Member of the Chamber of Deputies of Italy
- In office 1983–1992

Personal details
- Born: 16 March 1934 Udine, Italy
- Died: 13 July 2022 (aged 88) Sestri Levante, Italy
- Party: Italian Communist Party Democratic Party of the Left Democrats of the Left

= Mario Chella =

Italian politician (1934–2022)

Mario Chella (16 March 1934 – 13 July 2022) was an Italian politician. He served as a member of the Chamber of Deputies of Italy from 1983 to 1992. Chella died in July 2022, at the age of 88.

==Biography==
Chella was born in Udine in 1934. He held a degree in medicine.

He served as a member of parliament for the Italian Communist Party during the 9th and 10th legislatures between 1983 and 1987. From 1994 to 2003, he served as mayor of the Ligurian municipality of Sestri Levante, representing the center-left civic list “Progresso per Sestri Levante” during his first term and the Democrats of the Left during his second term.
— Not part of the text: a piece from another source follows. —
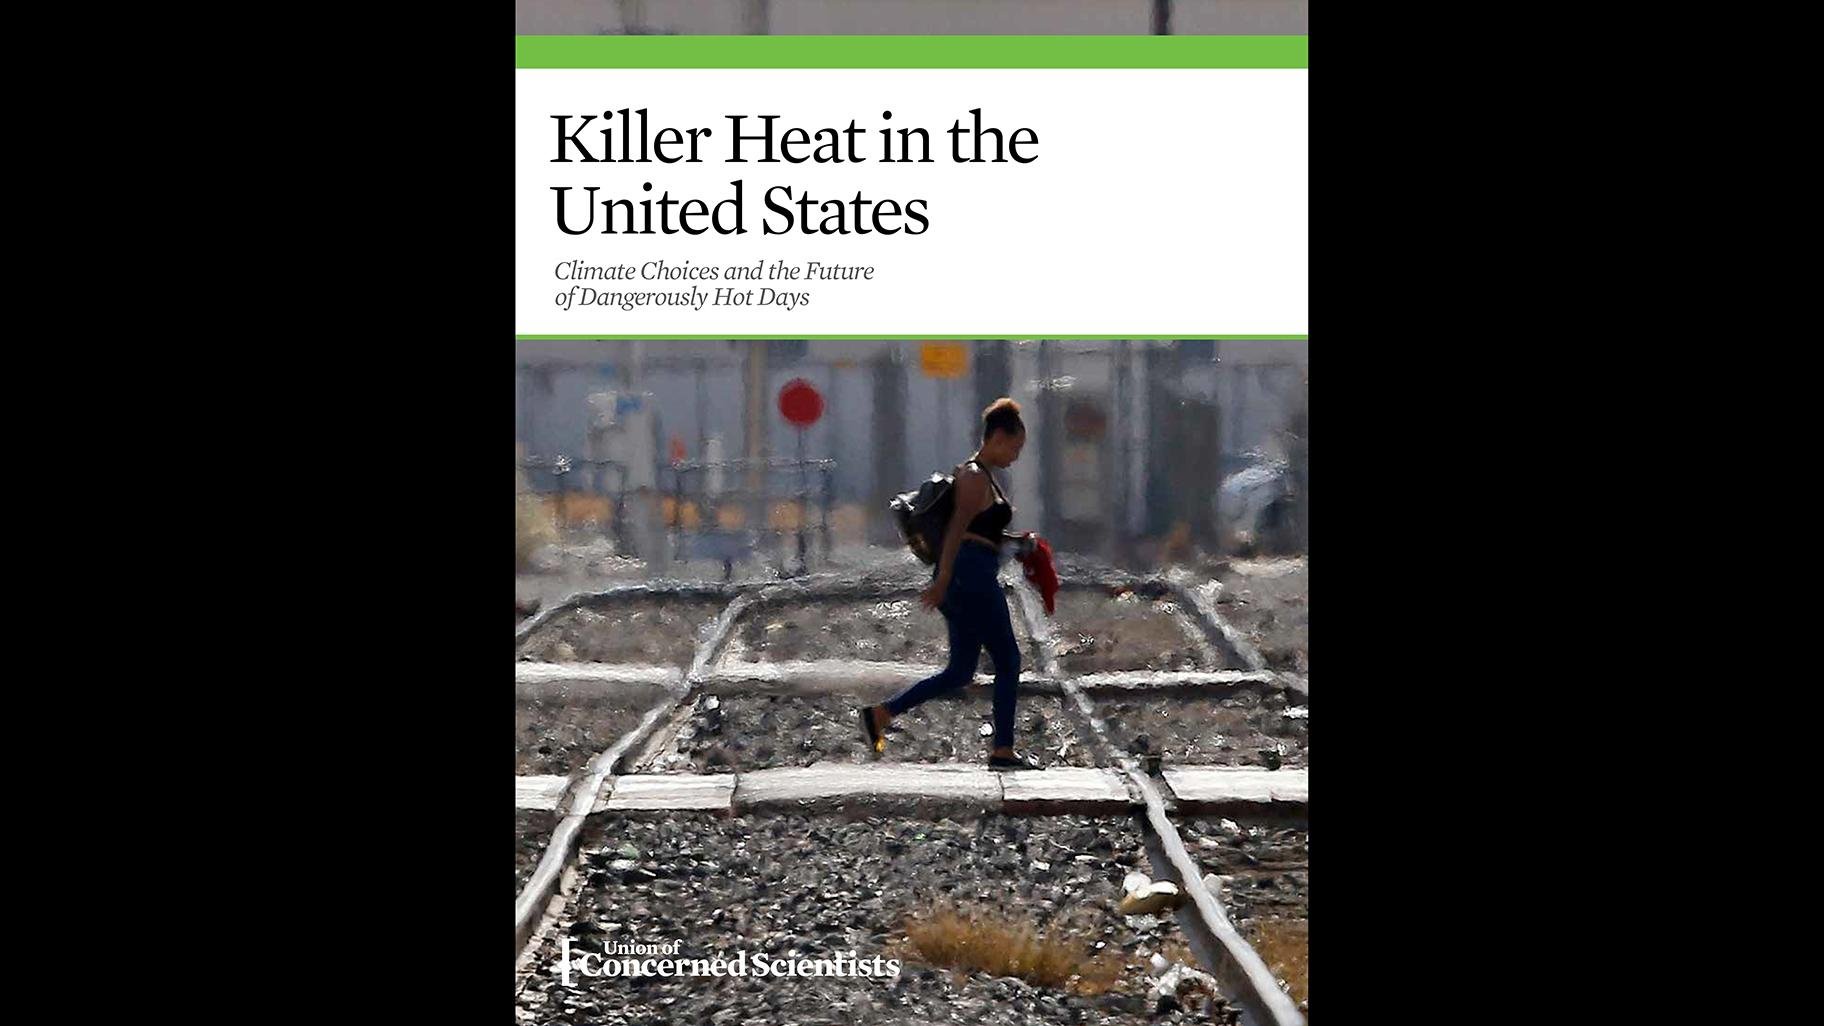 Read the full report, “Killer Heat in the United States” (Courtesy Union of Concerned Scientists)

After leading the Regional Social Investment Foundation in the early 2000s, Chella returned to the public eye in October 2015 when he publicly defended the neighboring town of Chiavari against the Metropolitan City of Genoa's decision to build a wastewater treatment plant in the Colmata a Mare area, coming into conflict with the local Democratic Party.

He died on July 13, 2022, at the age of 88.